Every signed measure $\nu$ on $(\Omega, \mathcal{F})$ decomposes uniquely as \[ \nu \;=\; \nu^+ - \nu^-, \] where $\nu^+$ and $\nu^-$ are non-negative measures and $\nu^+ \perp \nu^-$ — that is, $\nu^+$ and $\nu^-$ are concentrated on disjoint measurable sets.

Proof:

Let $\Omega = P \sqcup N$ be a Hahn decomposition for $\nu$. Define \[ \nu^+(A) \;=\; \nu(A \cap P), \qquad \nu^-(A) \;=\; -\,\nu(A \cap N), \qquad A \in \mathcal{F}. \] Since $P$ is positive and $N$ is negative, both $\nu^+$ and $\nu^-$ are non-negative, and countable additivity of $\nu$ transfers immediately. For every $A \in \mathcal{F}$, \[ \nu^+(A) - \nu^-(A) \;=\; \nu(A \cap P) + \nu(A \cap N) \;=\; \nu(A), \] proving the existence of the decomposition. By construction $\nu^+(N) = 0$ and $\nu^-(P) = 0$, so $\nu^+$ and $\nu^-$ are concentrated on disjoint sets and hence mutually singular.

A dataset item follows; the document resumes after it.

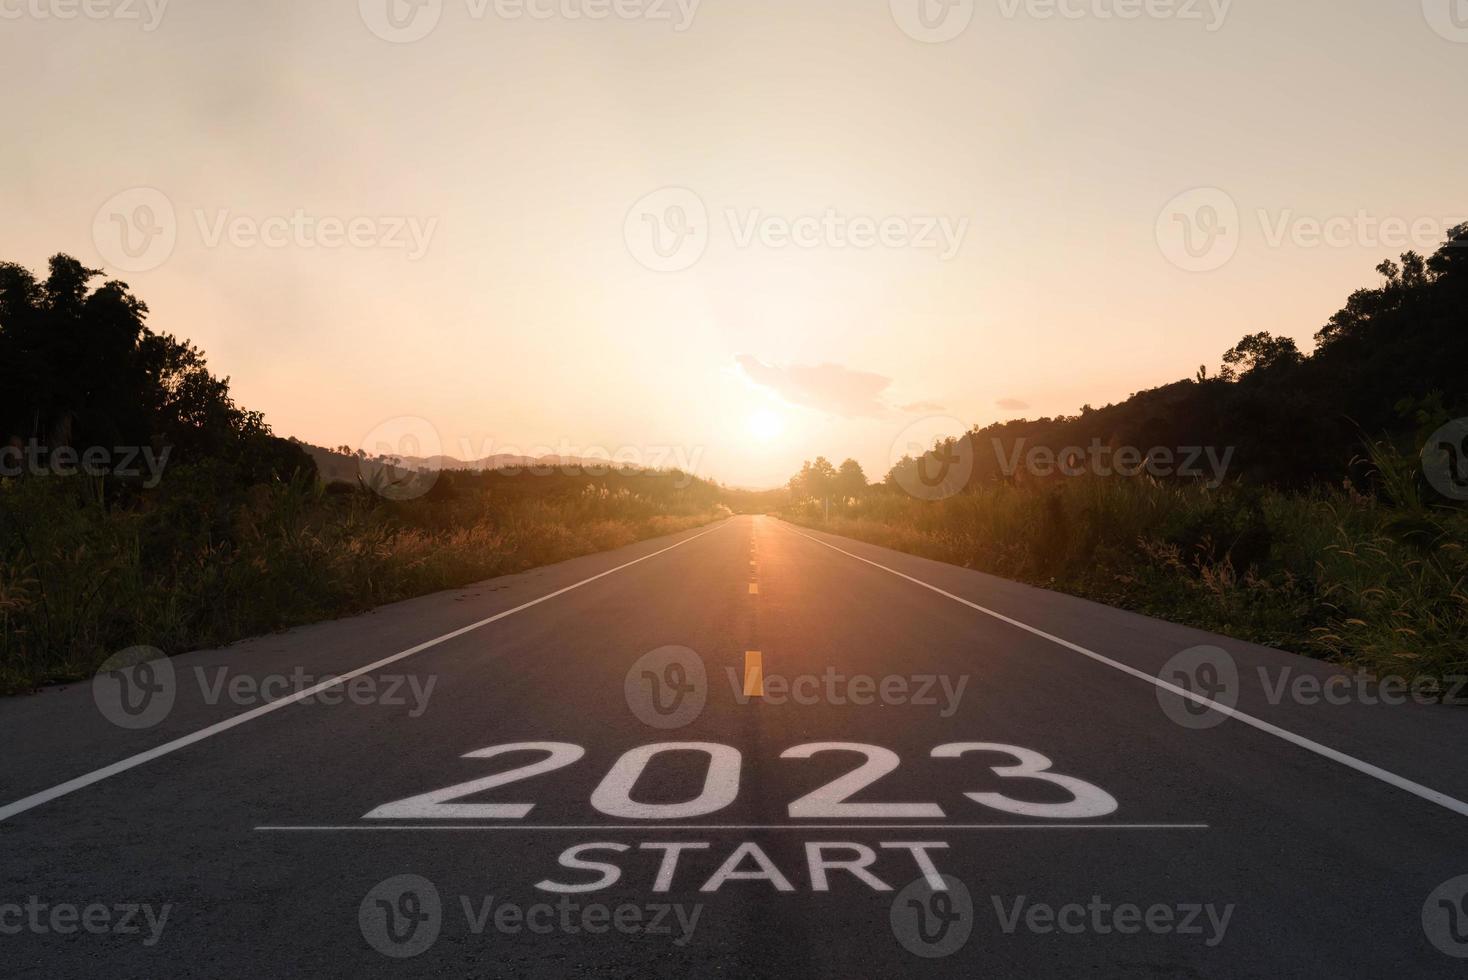 frohes neues jahr 2023,2023 symbolisiert den beginn des neuen jahres. der brief beginnt das neue jahr 2023 auf der straße in der naturroute fahrbahn sonnenuntergang hat baumumweltökologie oder grüntapetenkonzept foto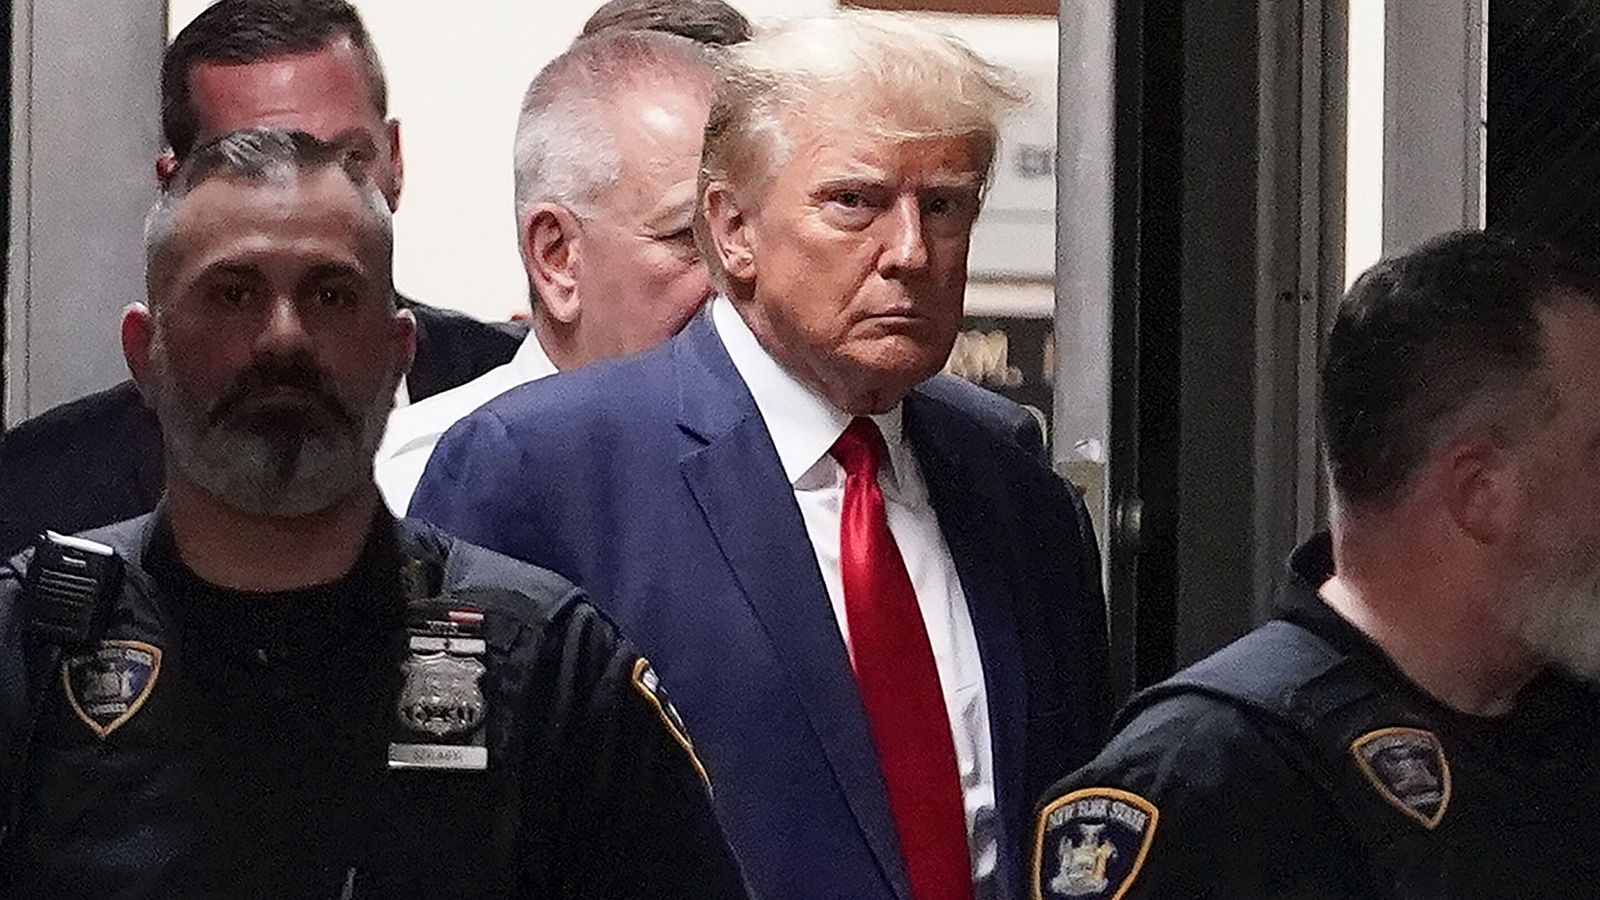 Donald Trump en una imagen de archivo custodiado por la policía

For uniqueness, suppose $\nu = \mu_1 - \mu_2$ with $\mu_1, \mu_2$ non-negative measures concentrated on disjoint measurable sets $P', N' \in \mathcal{F}$ with $\Omega = P' \sqcup N'$ (so $\mu_1(N') = 0$ and $\mu_2(P') = 0$).

Step (a): $\Omega = P' \sqcup N'$ is a Hahn decomposition for $\nu$. For $A \subseteq P'$, $\mu_2(A) \leq \mu_2(P') = 0$ (since $\mu_2$ is concentrated on $N'$, disjoint from $P'$), so $\nu(A) = \mu_1(A) \geq 0$; thus $P'$ is positive. Symmetrically, $N'$ is negative. By Hahn uniqueness, the symmetric difference $P \triangle P' = (P \setminus P') \sqcup (P' \setminus P)$ is $\nu$-null in the strong sense — every measurable subset has $\nu$-measure zero.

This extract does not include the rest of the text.